Marco Gaiarin gaio at sv.lnf.it
Mon Nov 28 13:05:11 CET 2016

A very strange saturday evening. Hardware tooling, hacking, caffeine,

I'm still completing my CEPH storage cluster (now 2 node storage,
waiting to add the third), but is it mostly ''on production''.
So, after playing with server for some month, saturday i've shut down
all the cluster, setup all the cables, switches, UPS, ... in a more
decent and stable way.

To simulate a hard power outgage, i've not set the noout and nodown

After that, i've powered up all the cluster (first the 2 ceph storage
node, after the 2 pve host nodes) and i've hit the first trouble:

	2016-11-26 18:17:29.901353 mon.0 1218 : cluster [INF] HEALTH_WARN; clock skew detected on mon.1, mon.2; 1 mons down, quorum 0,1,2 0,1,2; Monitor clock skew detected 

The trouble came from the fact that... my NTP server was on a VM, and
despite the fact that the status was only 'HEALTH_WARN', i cannot
access anymore the storage.

I've solved adding more NTP server from other sites, and after some
time the cluster go OK:

	2016-11-26 19:11:33.343818 mon.0 1581 : cluster [INF] HEALTH_OK

and here the panic start.

PVE interface report the Ceph cluster OK, report correctly all the stuffs
(mon, osd, pools, pool usage, ...) but data cluster was not accessible:

 a) if i try to move a disk, reply with something like 'no available'.

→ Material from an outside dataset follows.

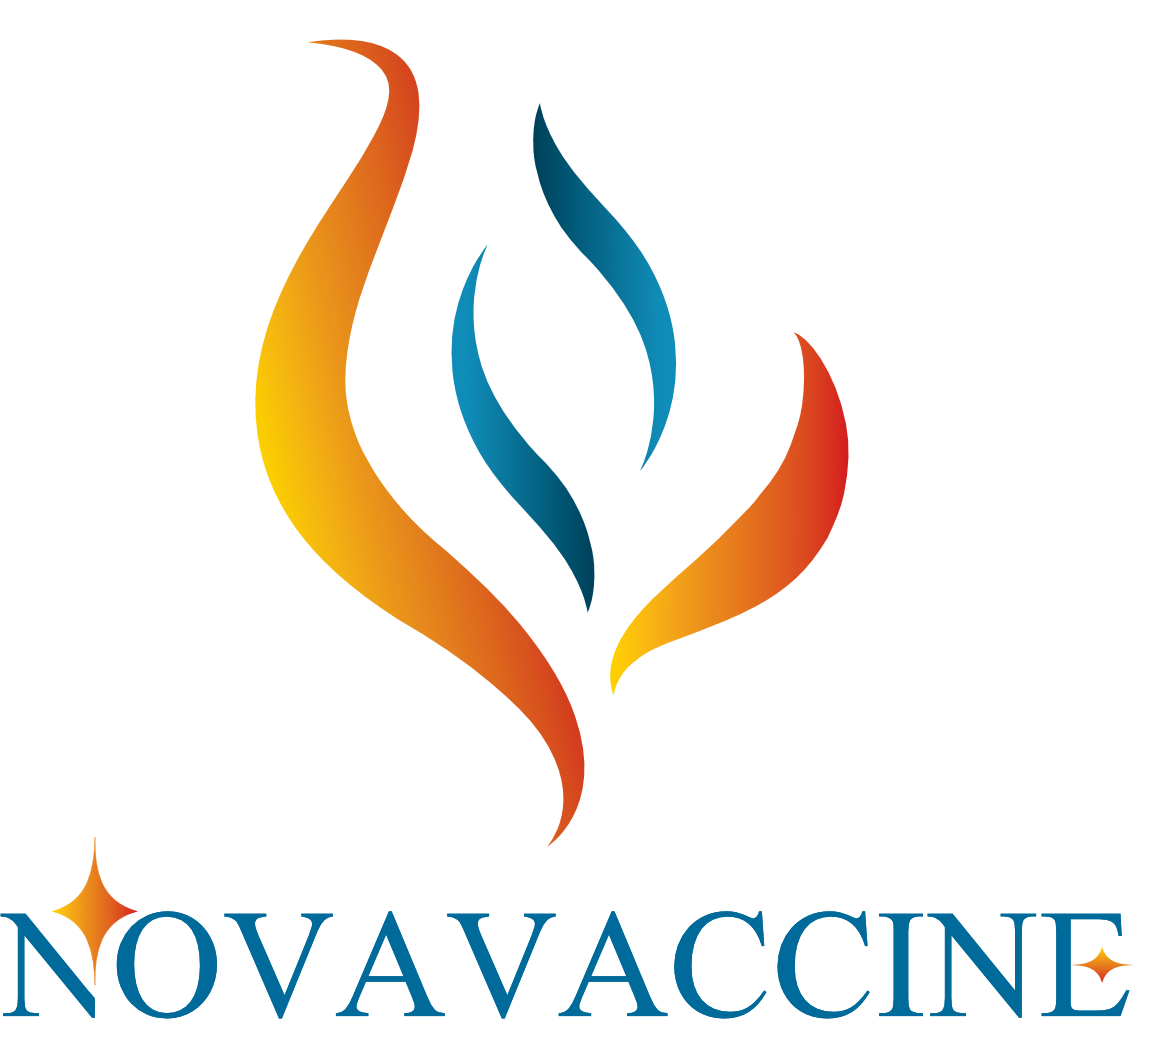 نوا واکسن NovaVaccine

 b) if i try to start VMs, they stalls...

The only strange things on log was that there's NO pgmap update, like

	2016-11-26 16:59:31.588695 mon.0 2317560 : cluster [INF] pgmap v2410540: 768 pgs: 768 active+clean; 936 GB data, 1858 GB used, 7452 GB / 9310 GB avail; 13569 kB/s rd, 2731 kB/s wr, 565 op/s

but really, on panic, i've not noted that.

After some tests, i've finally do the right thing.

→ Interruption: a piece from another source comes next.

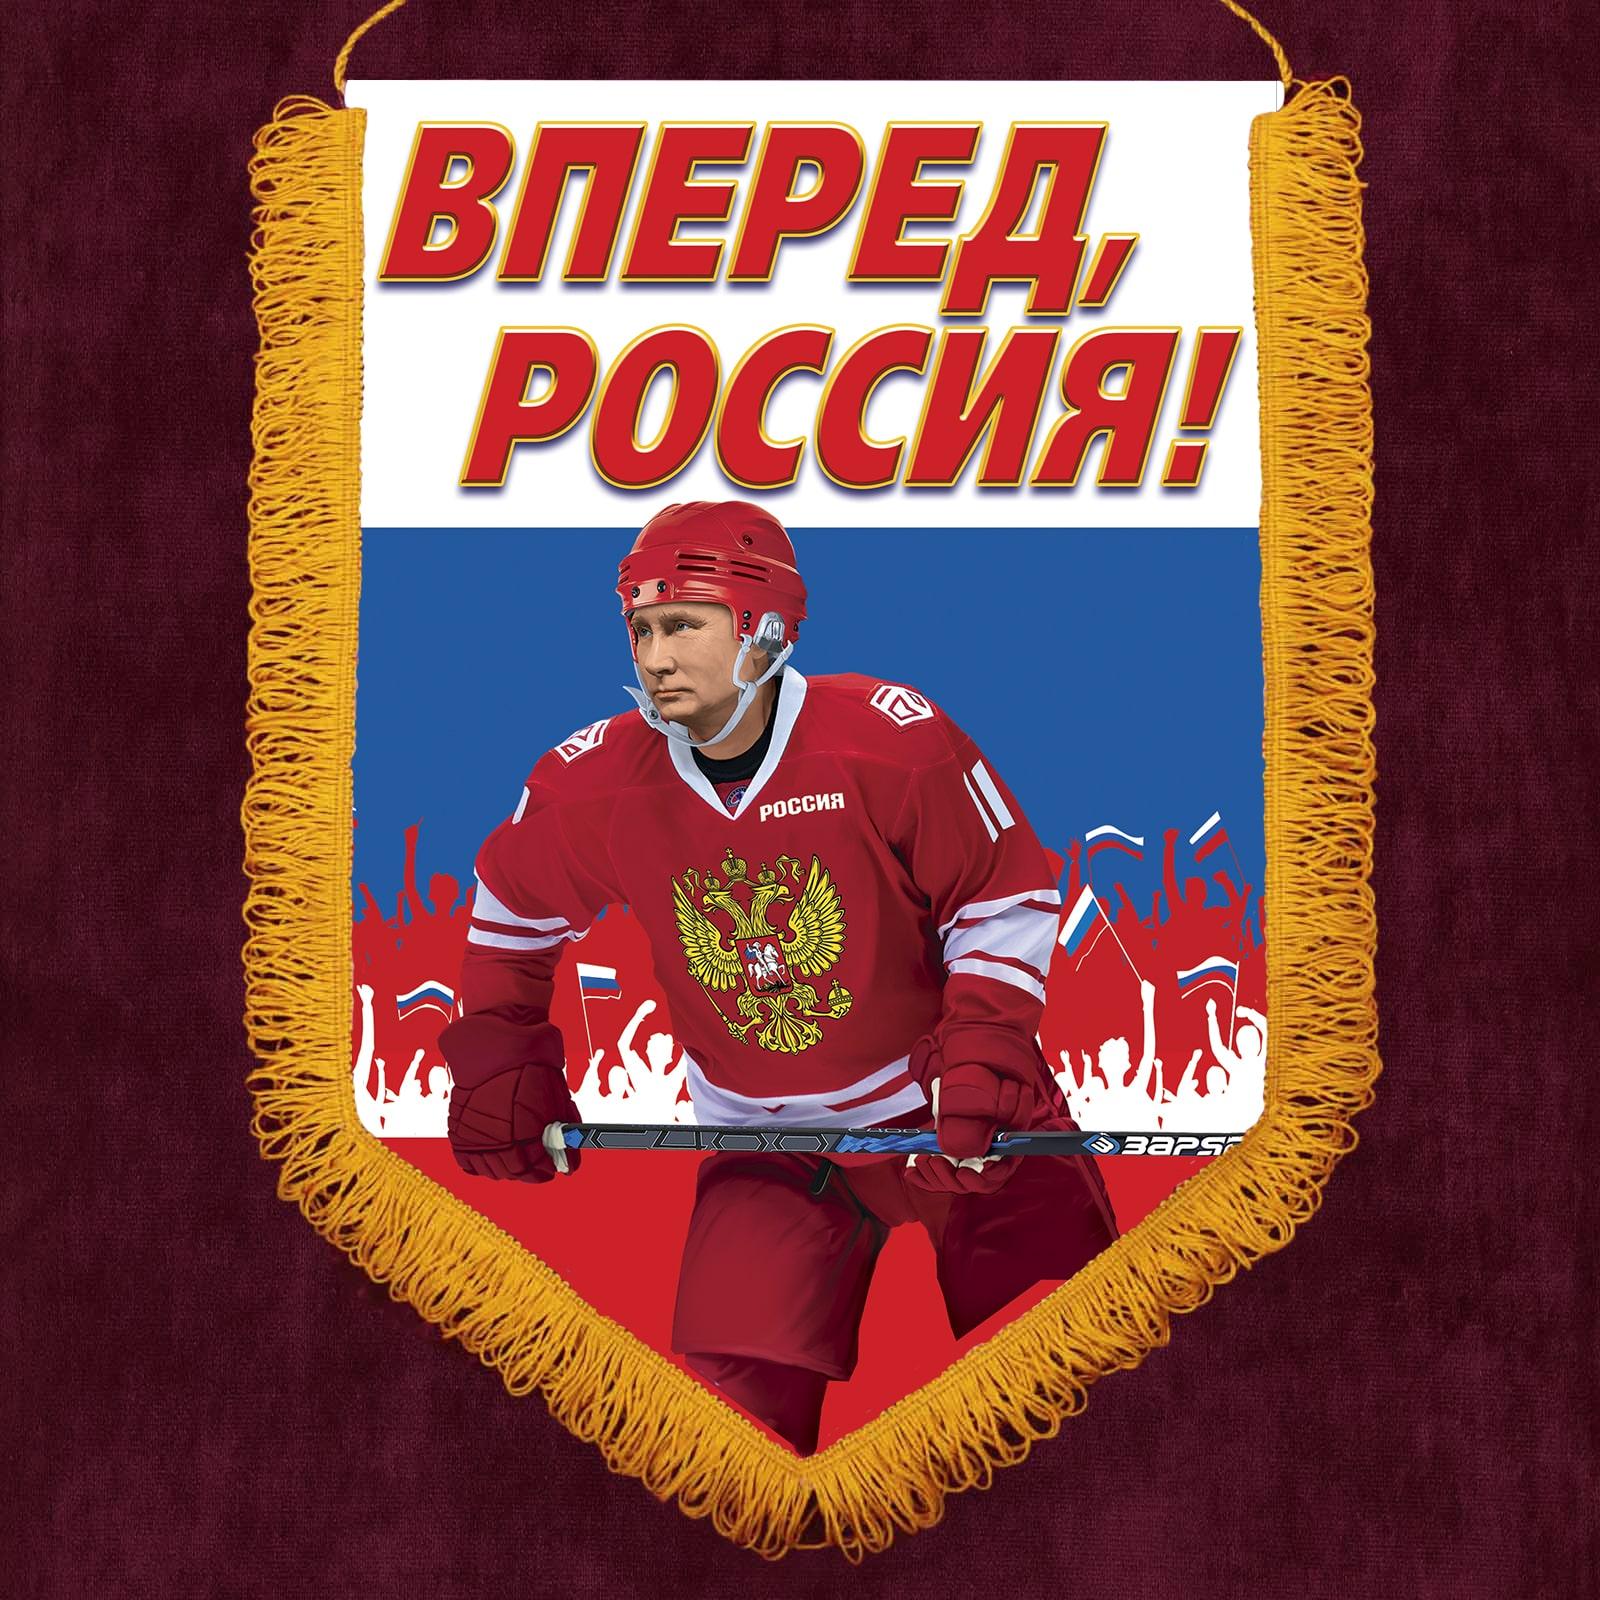 Большой вымпел Вперед, Россия!

 1) i've set the noout and nodown flags.

 2) i've rebooted the ceph nodes, one by one.

After that, all the cluster start. VMs that was on stalls, immediately

After that, i've understood that NTP is a crucial service for ceph, so
it is needed to have a pool of servers. Still, i'm not sure this was
the culprit.

The second thing i've understood is that Ceph react badly to a total
shutdown. In a datacenter this is probably acceptable.

I don't know if it is my fault, or at least there's THE RIGTH WAY to
start a Ceph cluster from cold metal...